To validate our Retention Time (RT) prediction in this vignette file, we compare the predicted hydrophobicity value using the ssrc
method Krokhin et al. (2004) implemented in the
protViz package Panse and Grossmann (2019).
The following code snippet performs the comparison on the F255744 data.

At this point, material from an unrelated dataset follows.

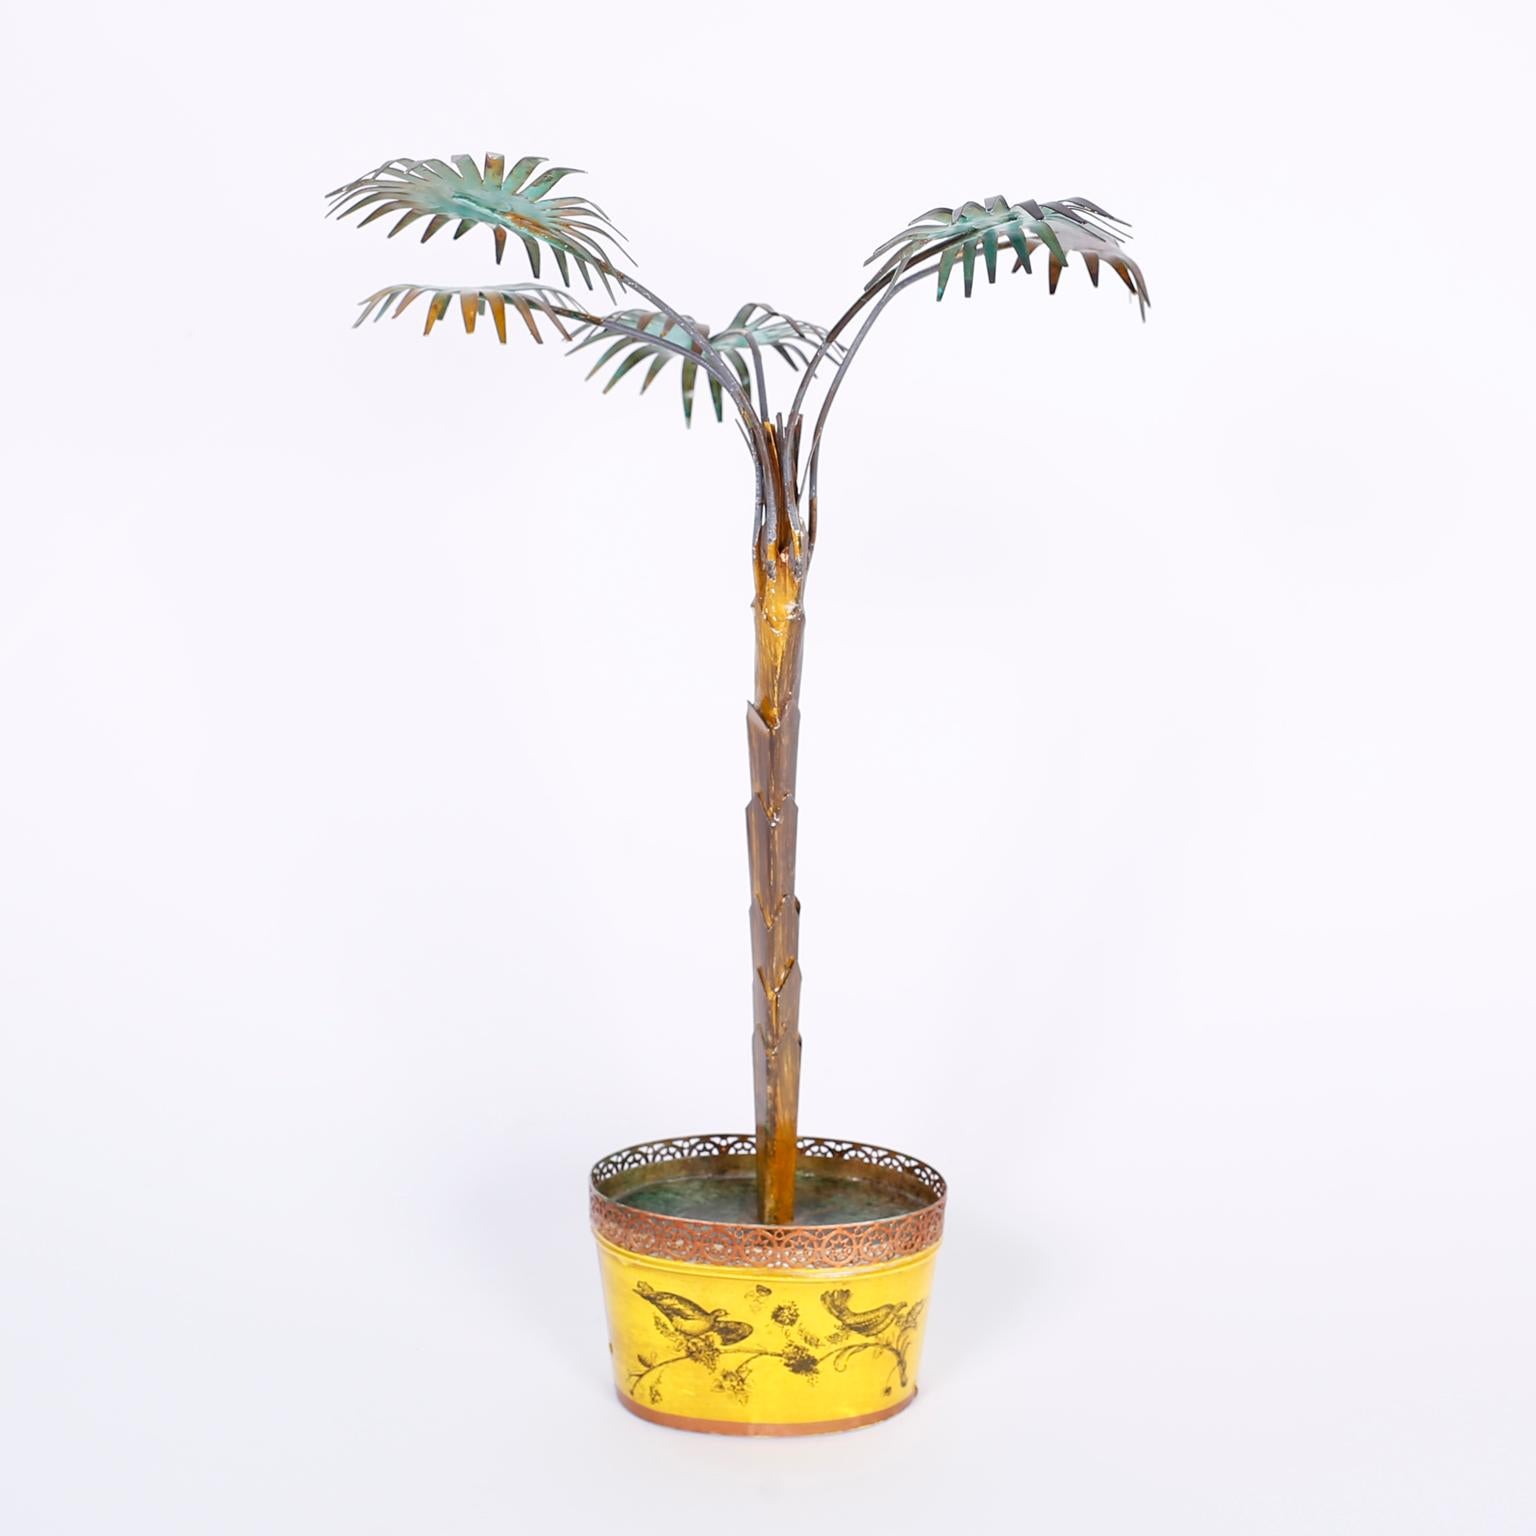 Stylized Italian palm tree with a rustic patina set in a classic yellow tole planter decorated with birds and flowers.
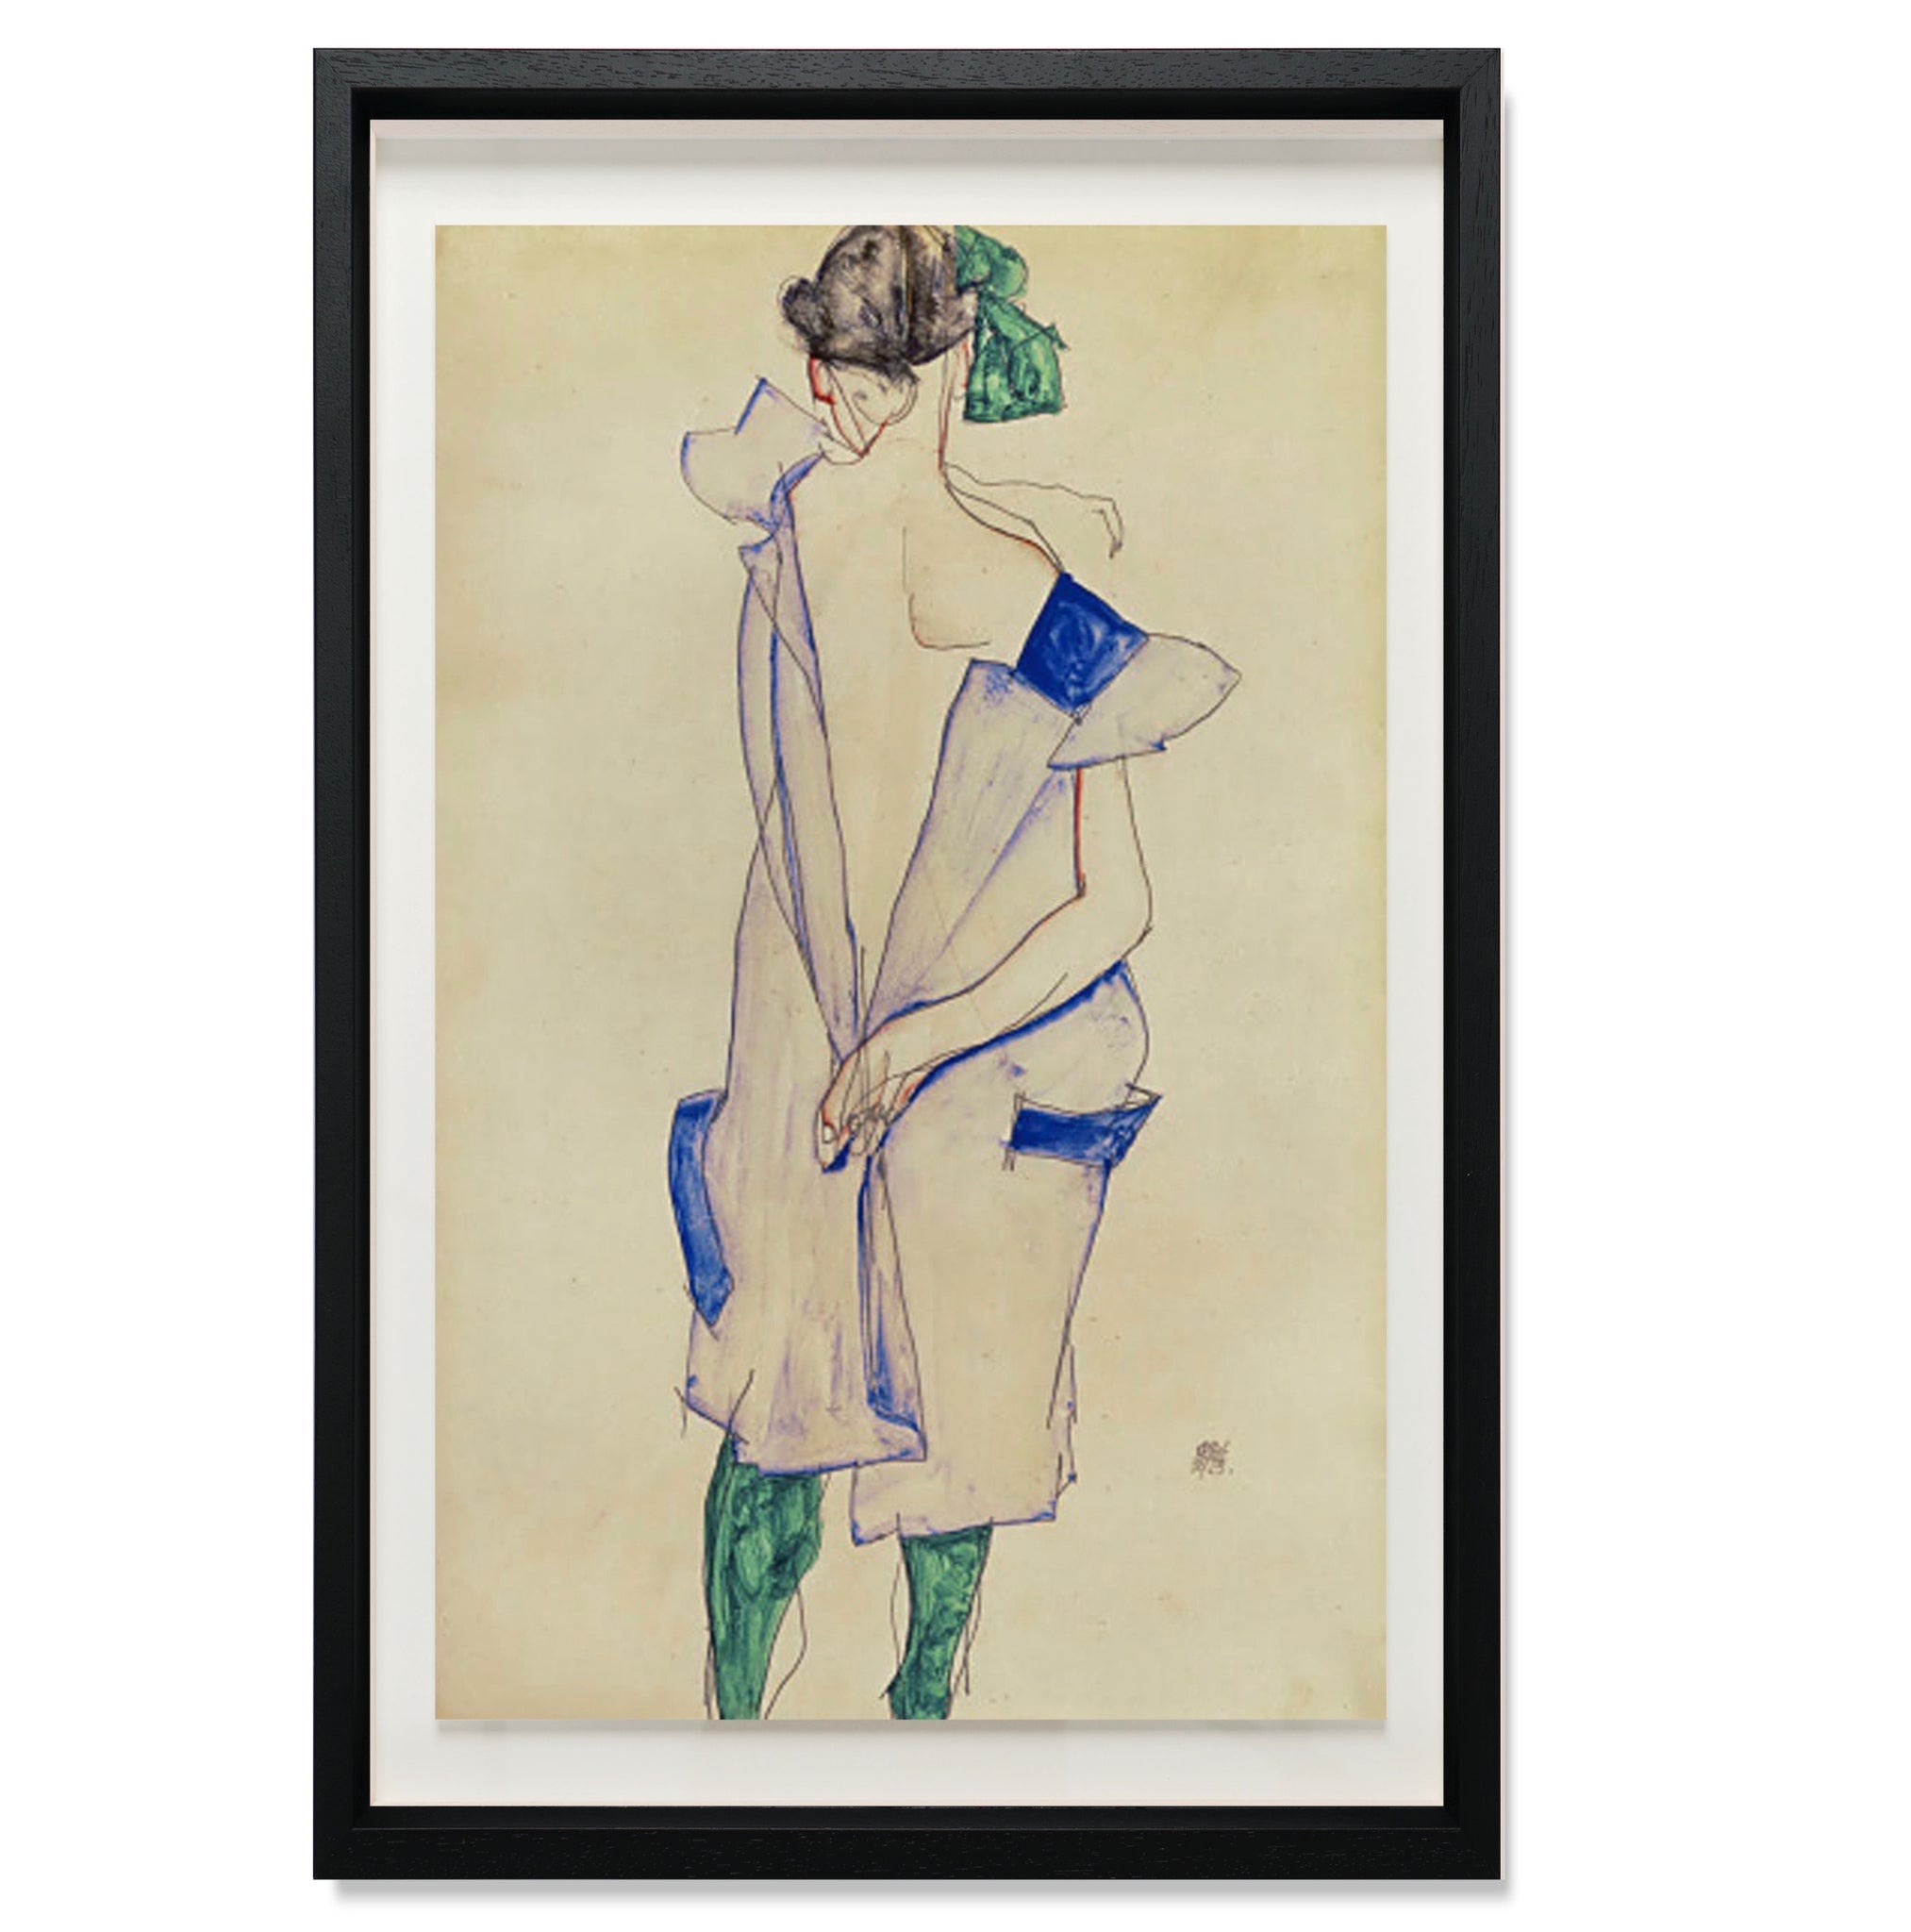 Standing girl in blue dress and green stockings, back view, 1913

The file contains amino acid sequences representing the designed flycodes.
library(NestLink)
# load(url("http://fgcz-ms.uzh.ch/~cpanse/p1875/F255744.RData"))
# F255744 <- as.data.frame.mascot(F255744)
# now available through ExperimentHub
library(ExperimentHub)
eh <- ExperimentHub();
## snapshotDate(): 2019-10-22
load(query(eh, c("NestLink", "F255744.RData"))[[1]])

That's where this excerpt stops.